THE thus far puny outcomes of Singapore's restructuring drive could prompt changes in the government's productivity narrative and growth target, as well as refinements to specific productivity initiatives.

This is amid the growing realisation that it will be no easy feat to achieve 2-3 per cent productivity growth per annum over the decade (view chart), the goal set out in 2010, observers say. With this year being the halfway point of that push, economists think Budget 2015 will mark a perceptible shift in the government's restructuring measures.

For one, several economists think the productivity growth target - described by the Ministry of Trade and Industry (MTI) as "ambitious" - will have to be lowered. Bank of America Merrill Lynch economist Chua Hak Bin expects the government to "be realistic" and "forget" its initial 2-3 per cent goal. "If we can get 1-1.5 per cent (productivity growth), I think that will be a tremendous achievement already," said Dr Chua.

While Mizuho economist Vishnu Varathan thinks "it's not completely wrong to shift the goal posts", he said it will be crucial to "provide sufficient context (to underscore that) it's not about relinquishing the goals of productivity". He pointed out that a lacklustre global economy has impinged on Singapore's growth prospects and has, by extension, capped productivity gains.

Said Mr Varathan: "I don't think we should maintain lofty targets just for the sake of looking good. But the messaging has to be clear - we still believe in innovation, in technological upgrades, (but) not all of the payoff is going to happen in five years. We shouldn't give up on that 3 per cent productivity growth target - let's just see it as a longer-term goal."

Observers also expect subtle changes to the official narrative on Singapore's productivity push. Going forward, they believe less emphasis will be placed on headline productivity growth numbers, with more weight given to qualitative aspects instead.

Several experts pointed out that MAS chief economist and assistant managing director (economic policy) Edward Robinson had signalled this in November when he told BT that in the short term, "there are limitations in relying on simple productivity indicators" since they are "not a good guide" to the country's ability to sustain and enhance the population's standard of living.

Other economists like Mr Varathan think there will be "changes in tone and body language". "In some areas, it's going to take more than five years for locals to become interested in these jobs and for (the sector) to move up the value chain. So (the authorities) could decide to allow some slack in certain areas and not tighten labour restrictions so much. The government could soften its tone - and this does not exclude recanting on certain things," he reckoned.

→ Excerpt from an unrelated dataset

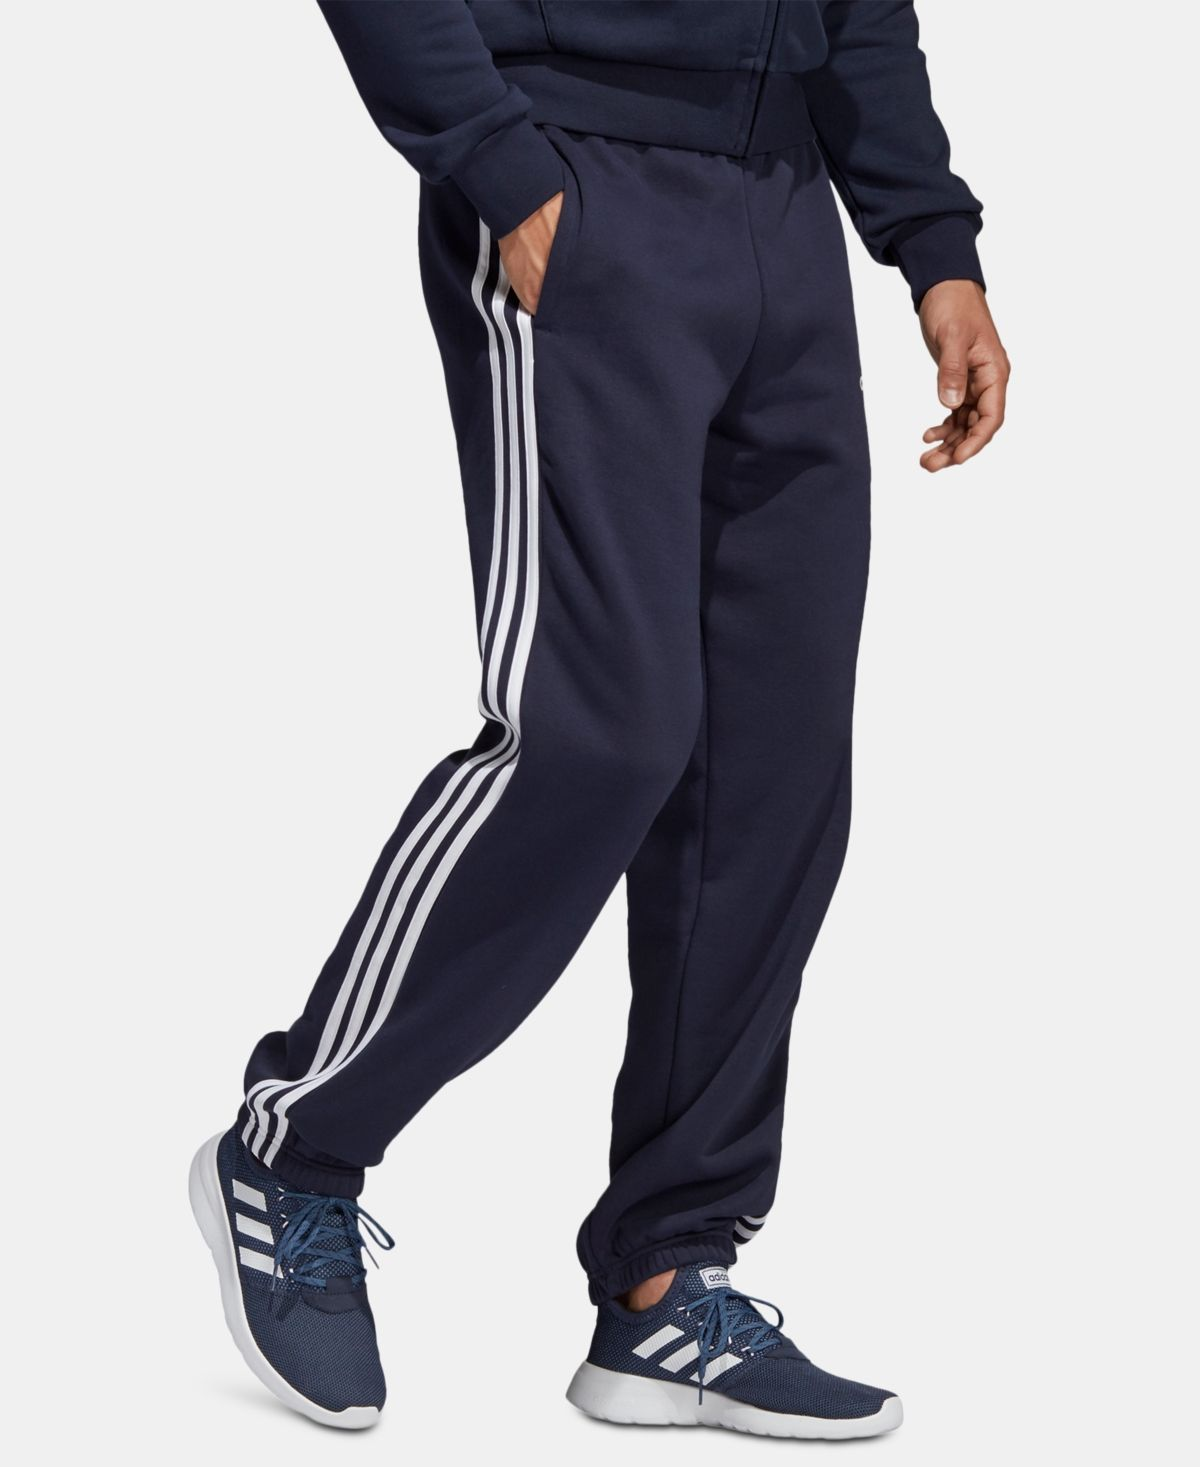 adidas Men's Essentials 3 Stripe Fleece Pants & Reviews

In addition to the usual exhortations to tweak the Productivity and Innovation Credit (PIC) scheme further - to include a greater focus on research and development (R&D) and more sector-specific incentives - there have been suggestions to refine existing restructuring measures.

For example, while the SME Committee (which represents small- and medium-size enterprises) has called for the government to hold back on further planned increases in foreign worker levies, DBS economist Irvin Seah has other ideas.

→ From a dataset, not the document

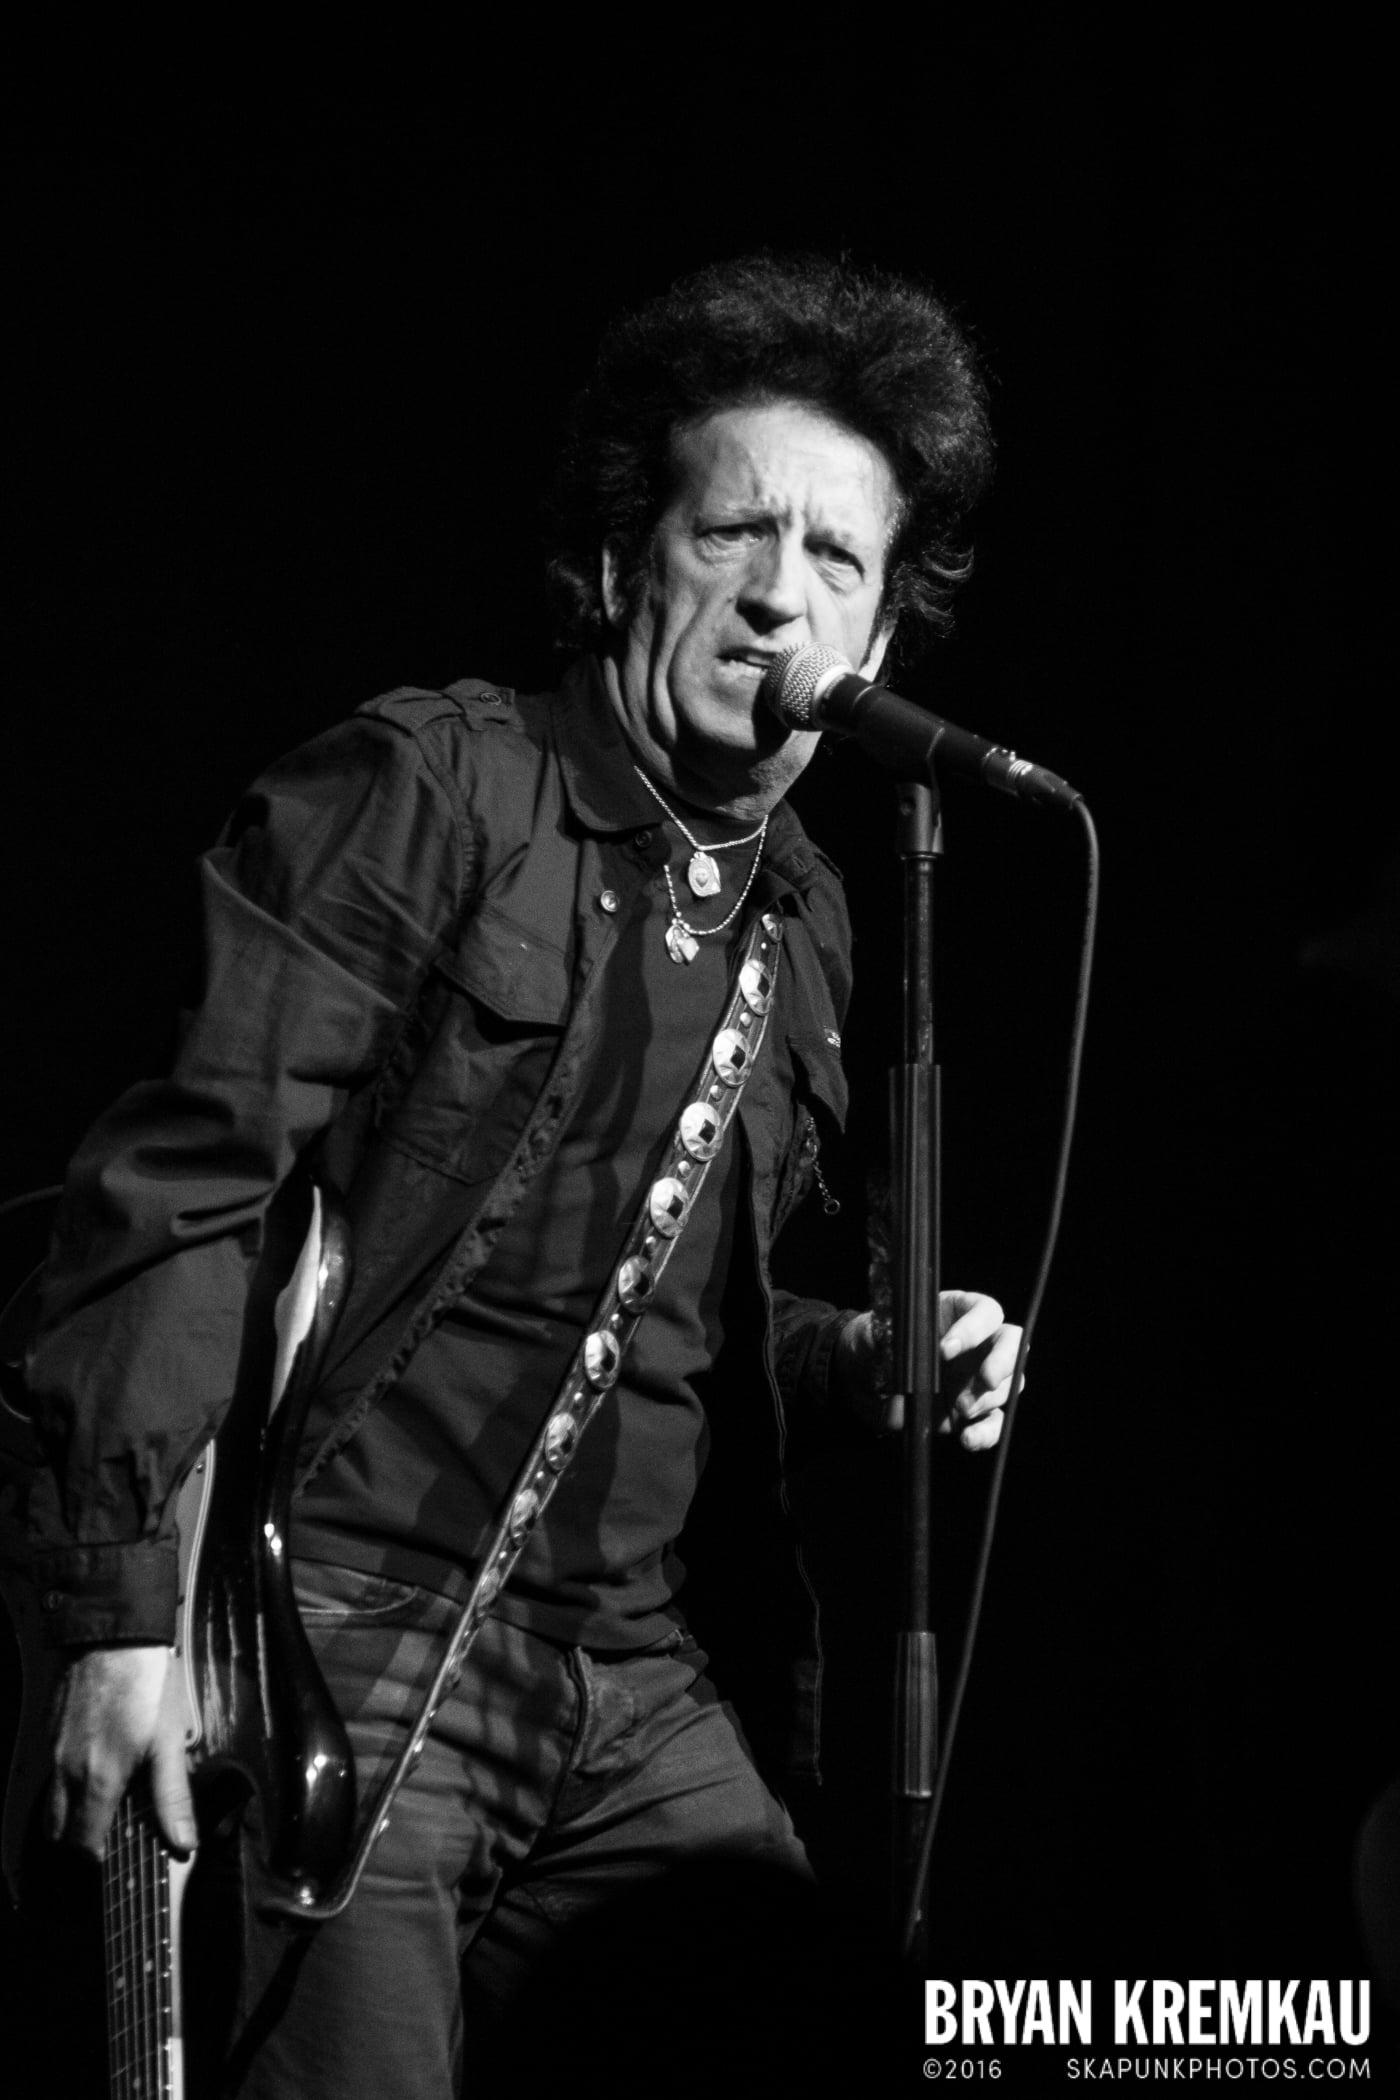 Willie Nile @ Highline Ballroom, NYC - 12.26.14 (70)

"If a company has proven itself (to be committed to restructuring) - it has invested in technology, demonstrated improvements in productivity, hired more local workers than required - then perhaps it could get a discount off their foreign worker levies. Turn it into an incentive instead," said Mr Seah. While he acknowledged that the amount of money saved wouldn't be "substantial", he said the sum could be put to better use and boost a firm's topline.

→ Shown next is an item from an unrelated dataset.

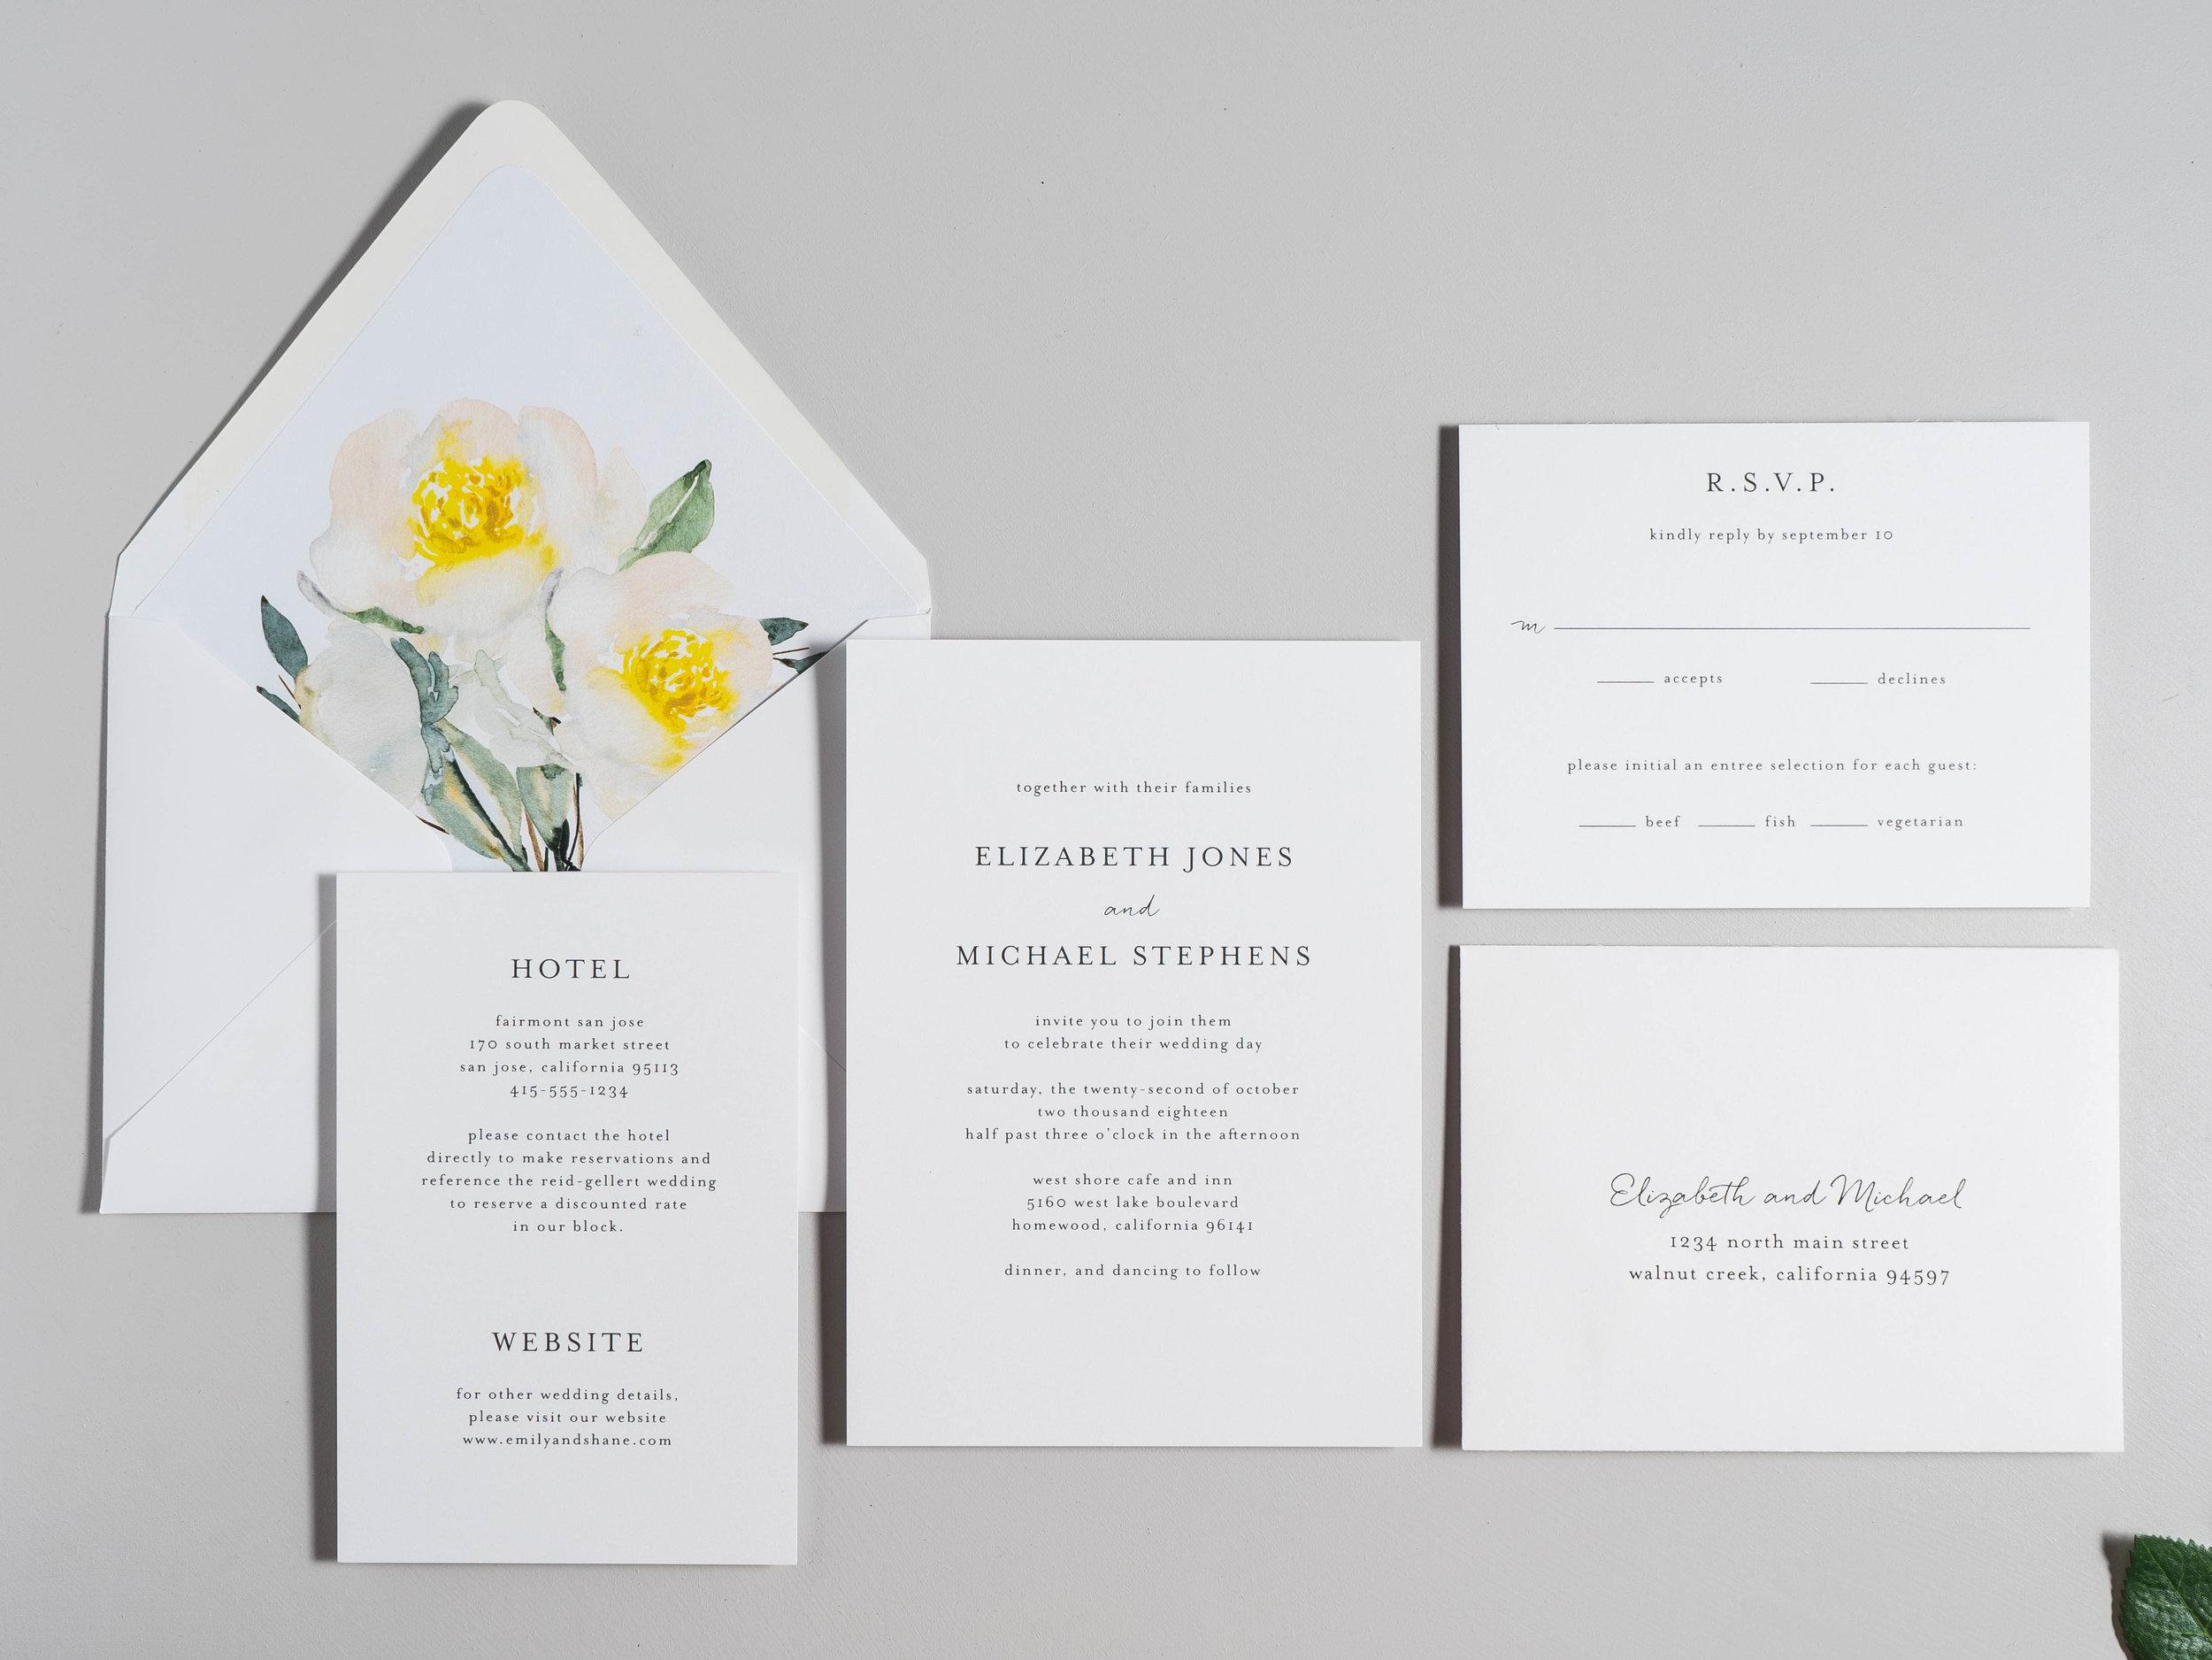 Botanical Minimalist V2 Wedding Invitations by Just Jurf-1b.jpg

Although the heads of tax at KPMG and Ernst & Young believe the idea "looks workable", they question whether the additional resources required to administer the scheme - both at the company and government levels - would prove too cumbersome to be worthwhile.

Given the difficulties and deficits in measuring productivity using the conventional formula of output over input, several economists urged the government to release more sector- specific data on productivity in different industries. These include, for example, the number of square metres built per man hour in the construction sector, or the table turnover rate in food & beverage (F&B) outlets.

In response to BT queries, an MTI spokesman said: "We have sector-specific data to help us monitor the productivity progress. These complement the usual measure for labour productivity (value added per worker). The data are for internal use and are not released publicly."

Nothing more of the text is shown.